DEV Community

Custodia-Admin
Custodia-Admin

Posted on • Originally published at pagebolt.dev

Building AI Agents That Pass Security Audits: Visual Proof + Governance

Building AI Agents That Pass Security Audits: Visual Proof + Governance

Your SOC 2 auditor just asked a question that stopped your deployment: "How do we know what the AI agent actually did?"

You have API logs. You have database transaction records. You have token usage metrics. But when an autonomous agent chains 5 tools together in 8 seconds and modifies customer data, your auditor wants one thing: visual proof of what happened on screen.

Text logs aren't enough. Compliance frameworks don't ask for logs. They ask for evidence of control. And for AI agents, that evidence is visual.

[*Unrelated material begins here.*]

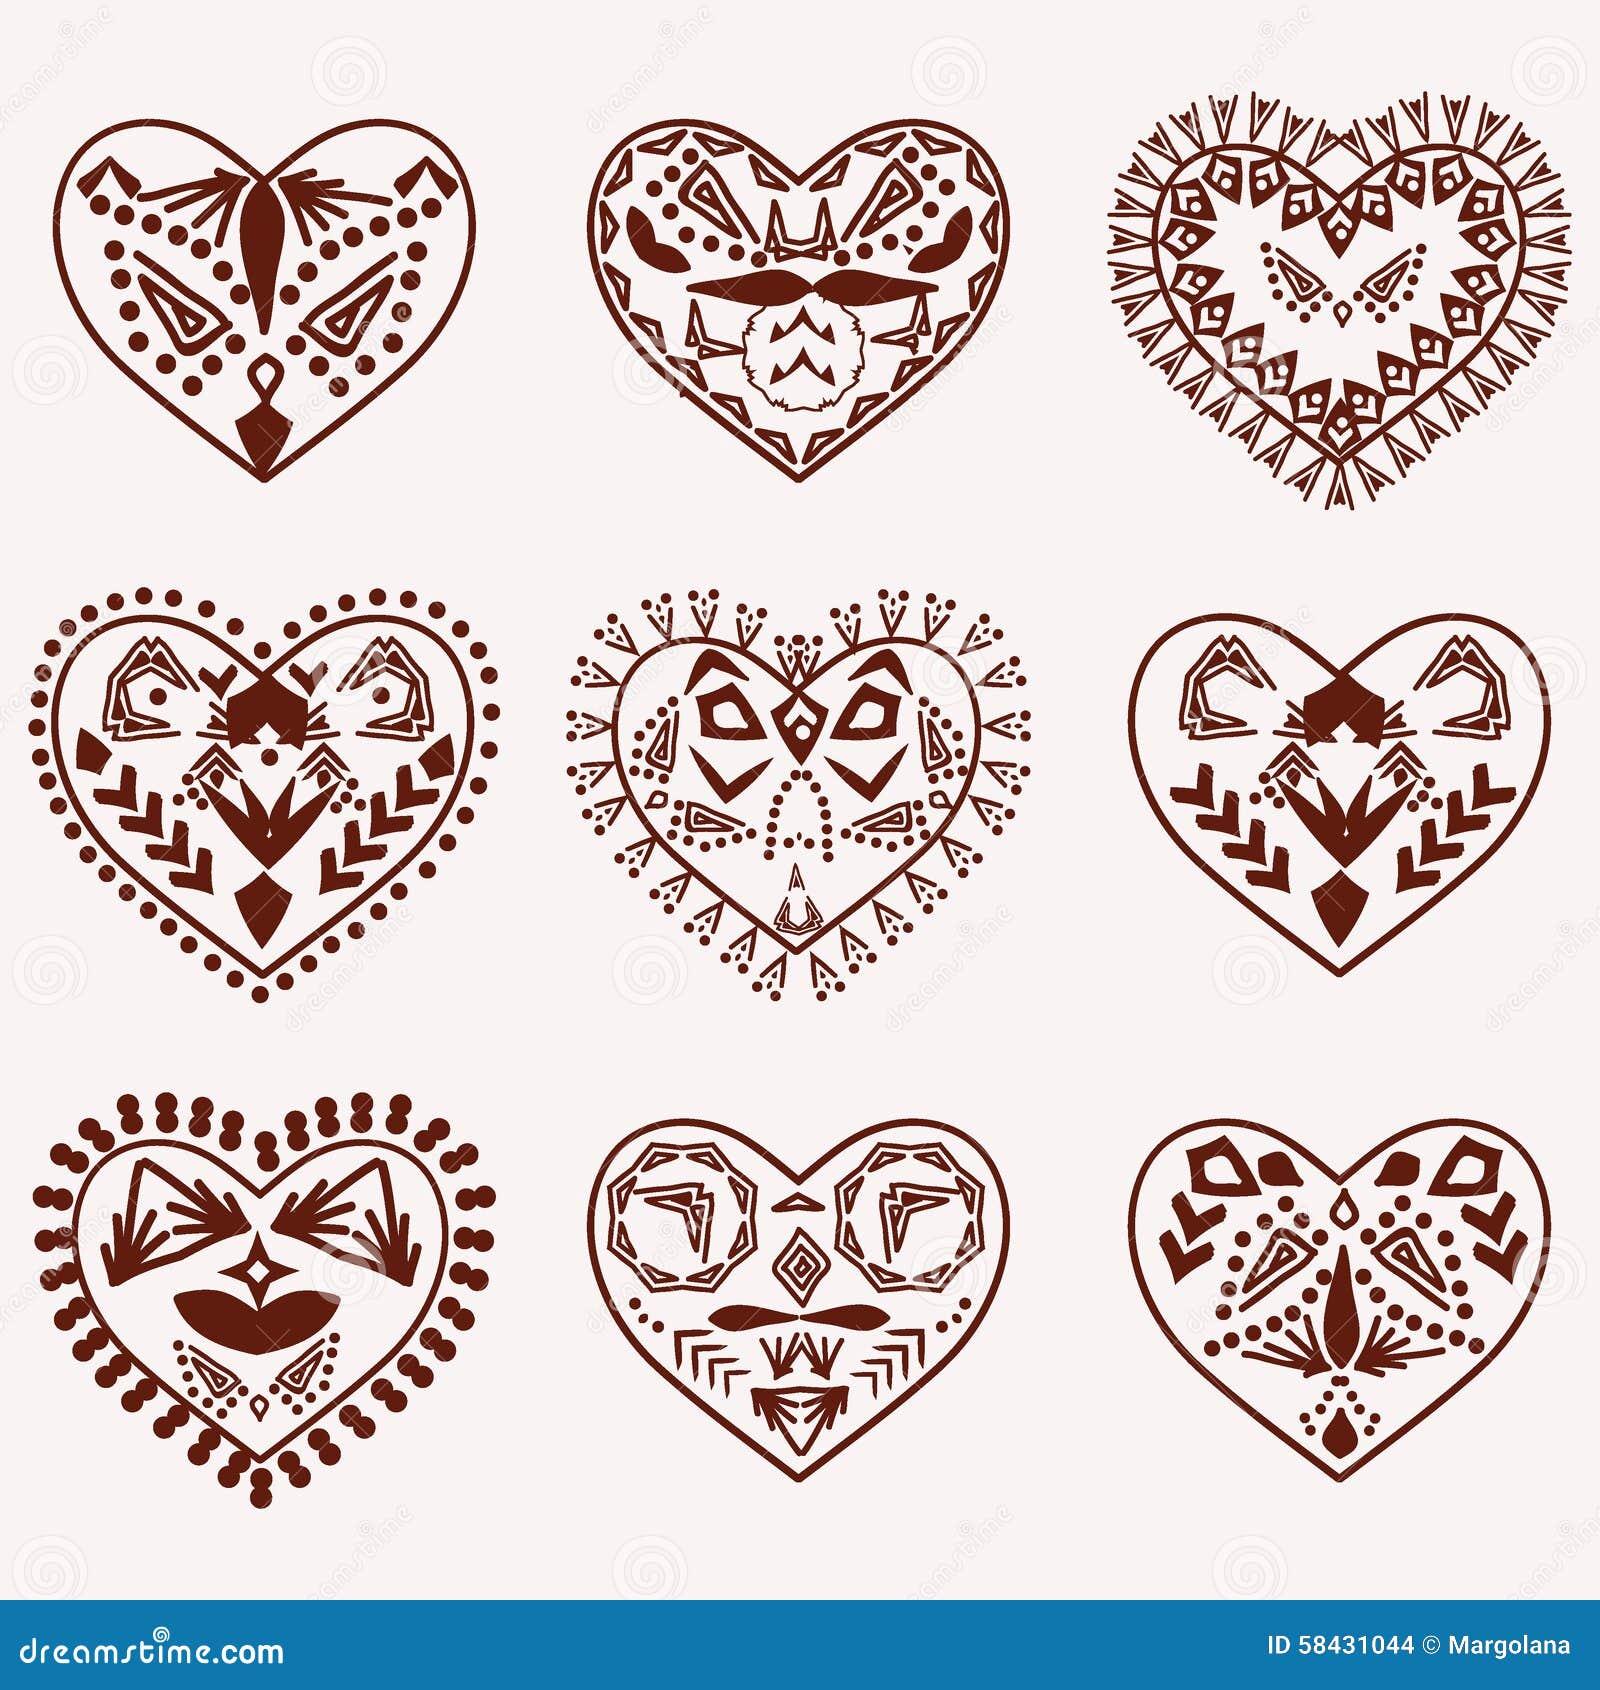 Romantic Hearts Vector Hand Drawn Stock Vector Illustration Of

What Auditors Actually Ask For

When SOC 2 auditors see "AI agent," they think: "What if it malfunctions and we can't prove it didn't?"

Here's what they require:

SOC 2 Type II:

  • Demonstrable proof of what the system accessed
  • Evidence that controls prevented unauthorized actions
  • Ability to reproduce the audit trail (not just read logs)

HIPAA (healthcare):

  • Visual proof of what PHI the agent accessed
  • Evidence that the agent didn't exfiltrate data
  • Audit logs you can show to regulators in real time

GDPR (data privacy):

  • Proof that the agent respected user consent
  • Evidence of what data was processed
  • Ability to demonstrate compliance during inspections

SOC 3 / FedRAMP / NIST:

  • Behavioral audit trails (not just API call logs)
  • Real-time visibility into agent actions
  • Forensic evidence in case of breach

Text logs don't cut it. An API log shows GET /customer/12345. A visual audit trail shows: the agent fetched the customer page, extracted the name, ran a compliance check, and returned the result—all captured as screenshots.

Why Logs Aren't Enough

Scenario 1: Agent Hallucination
Your agent logs: "Processed payment of $10,000". Your auditor asks: "Did it actually process the payment? What did the payment page look like when the agent submitted it?"

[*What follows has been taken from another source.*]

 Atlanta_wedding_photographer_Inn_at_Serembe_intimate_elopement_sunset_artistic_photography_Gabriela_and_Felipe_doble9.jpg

Without visual proof, you can't answer.

Scenario 2: Silent Failures
API logs show: "HTTP 200 OK". But the webpage rendered an error that the agent missed. The transaction didn't actually complete.

Logs said success. The page said failure. Auditors ask which one is true.

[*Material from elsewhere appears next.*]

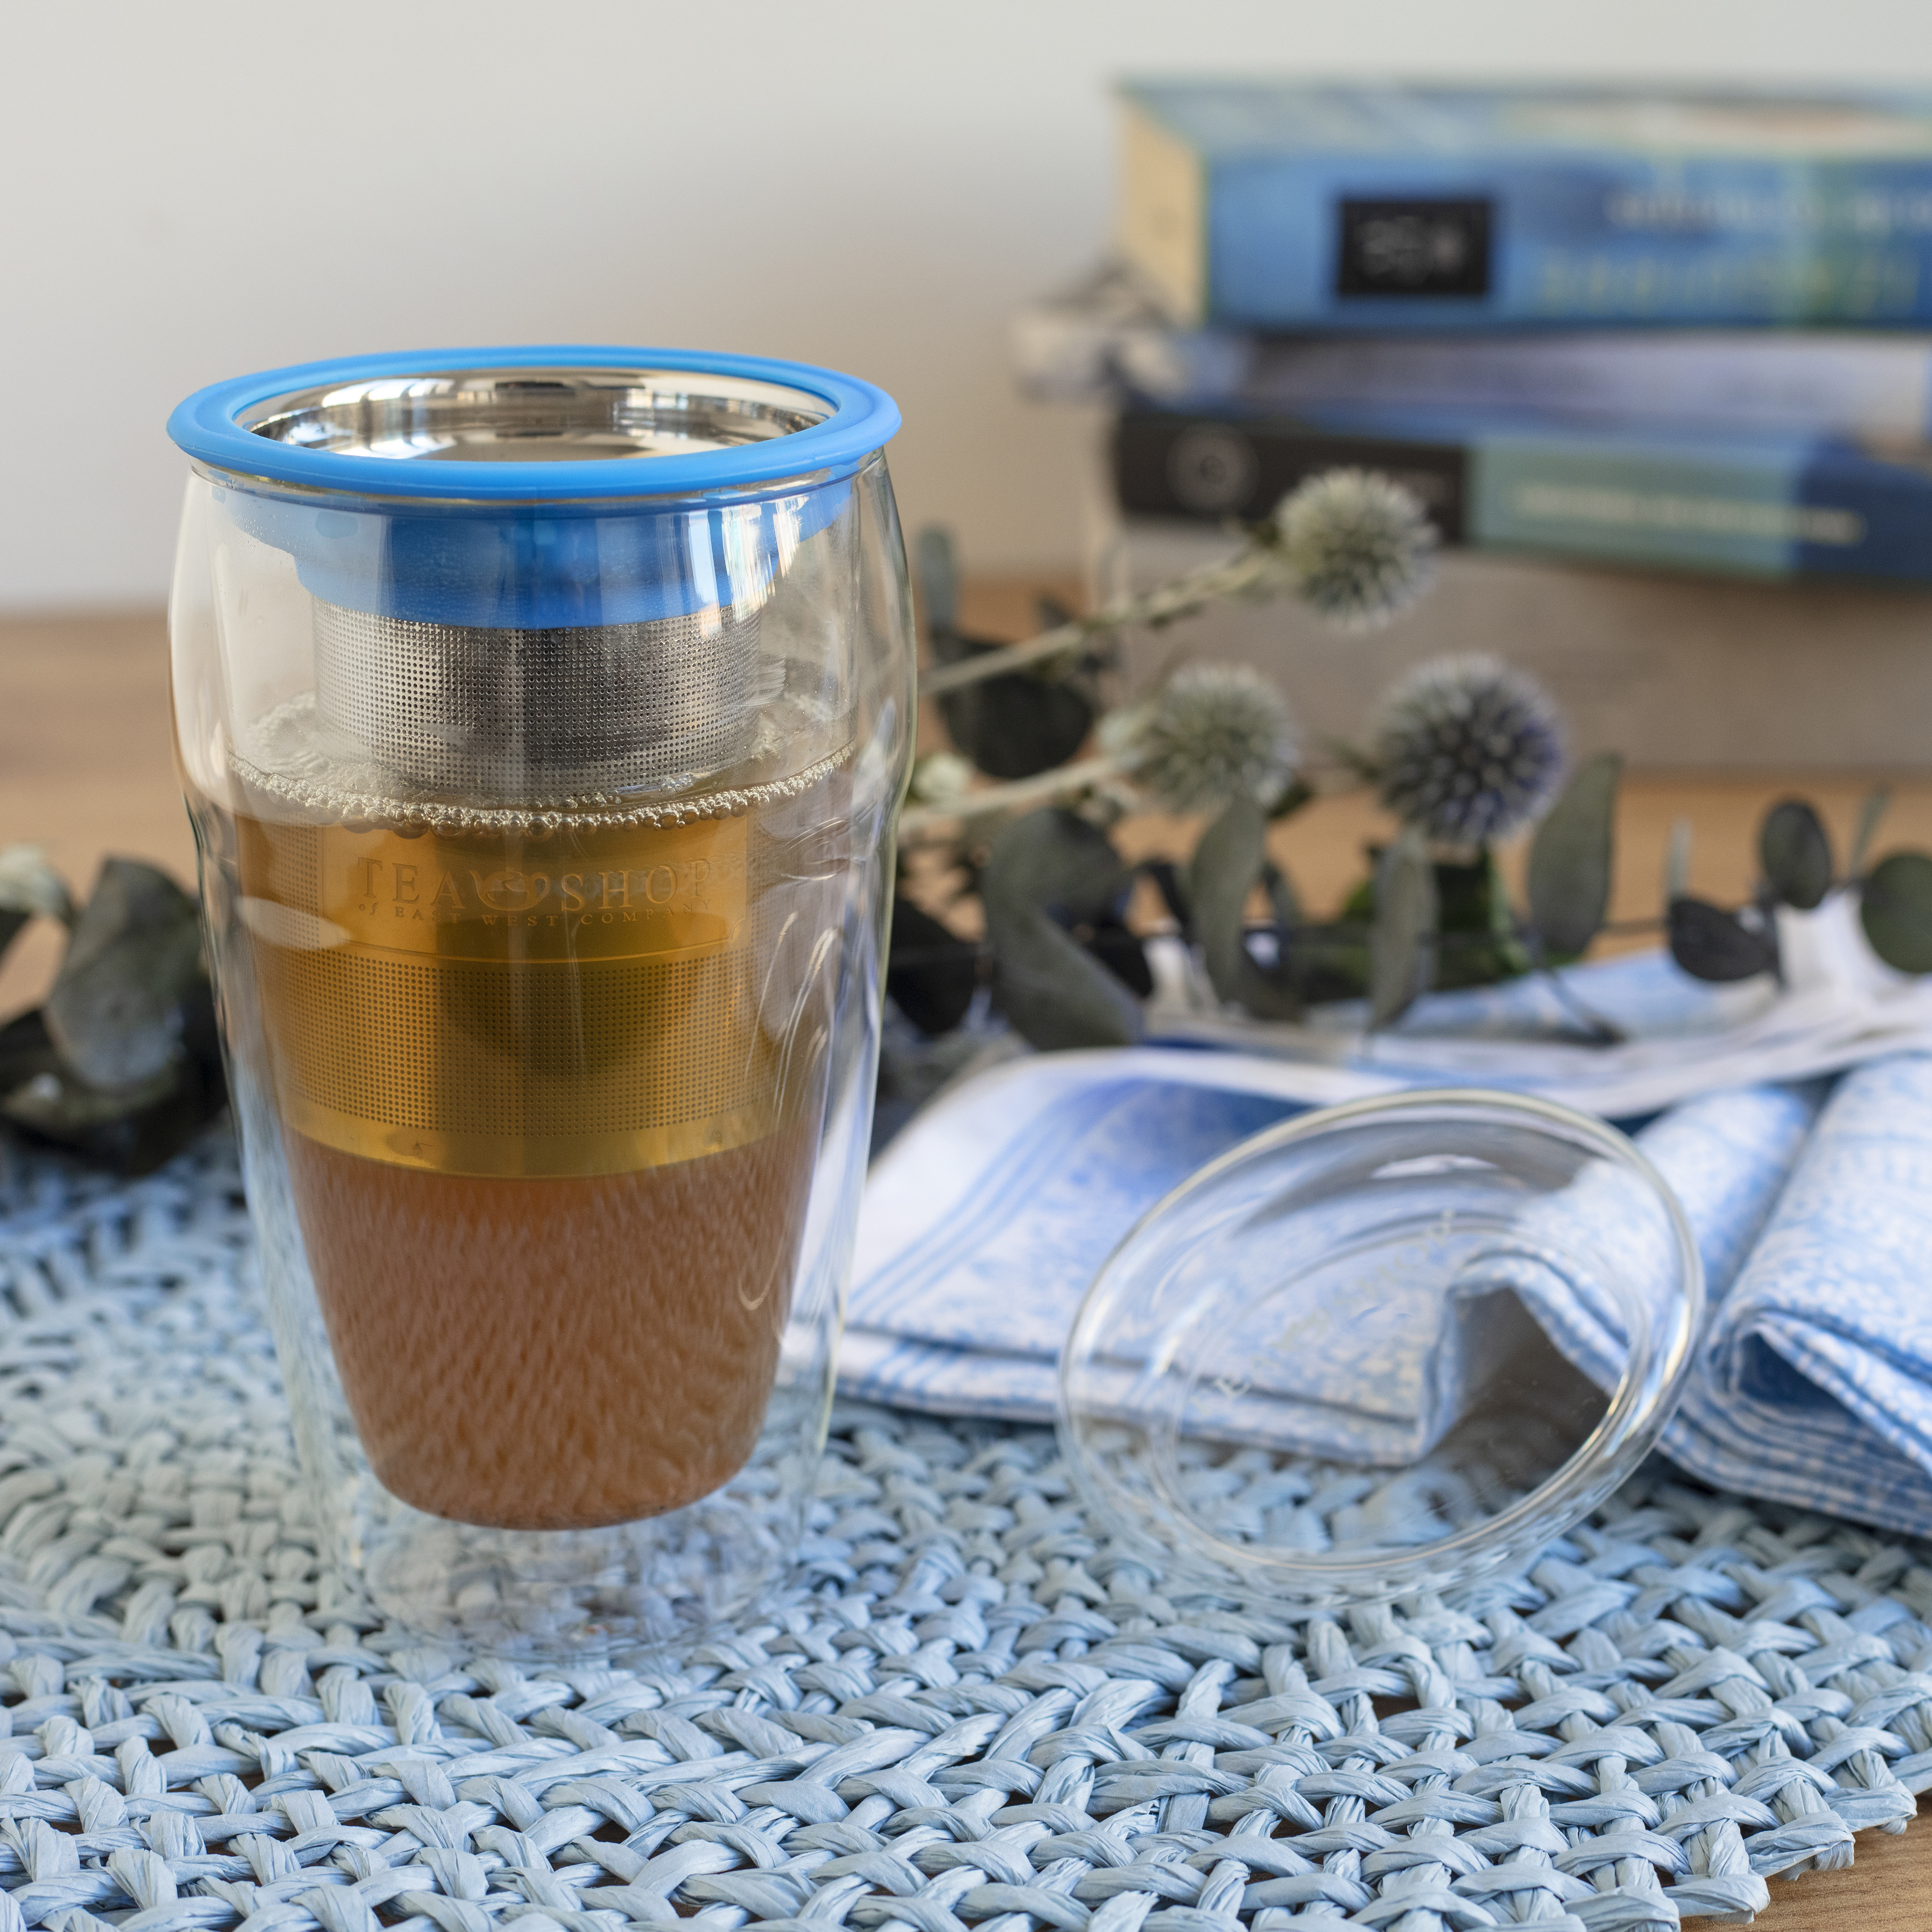 All in One Jumbo Blue Sea. Tea Shop - Item2

Scenario 3: Lateral Movement
Your agent logs show normal API calls. But did it access systems outside its intended scope? Did it exfiltrate credentials? Visual audit trails show exactly what the agent saw—and what it didn't.

Scenario 4: Compliance Evidence
When regulators audit you in 18 months, can you replay what your agent did today? Logs decay. Screenshots are forever.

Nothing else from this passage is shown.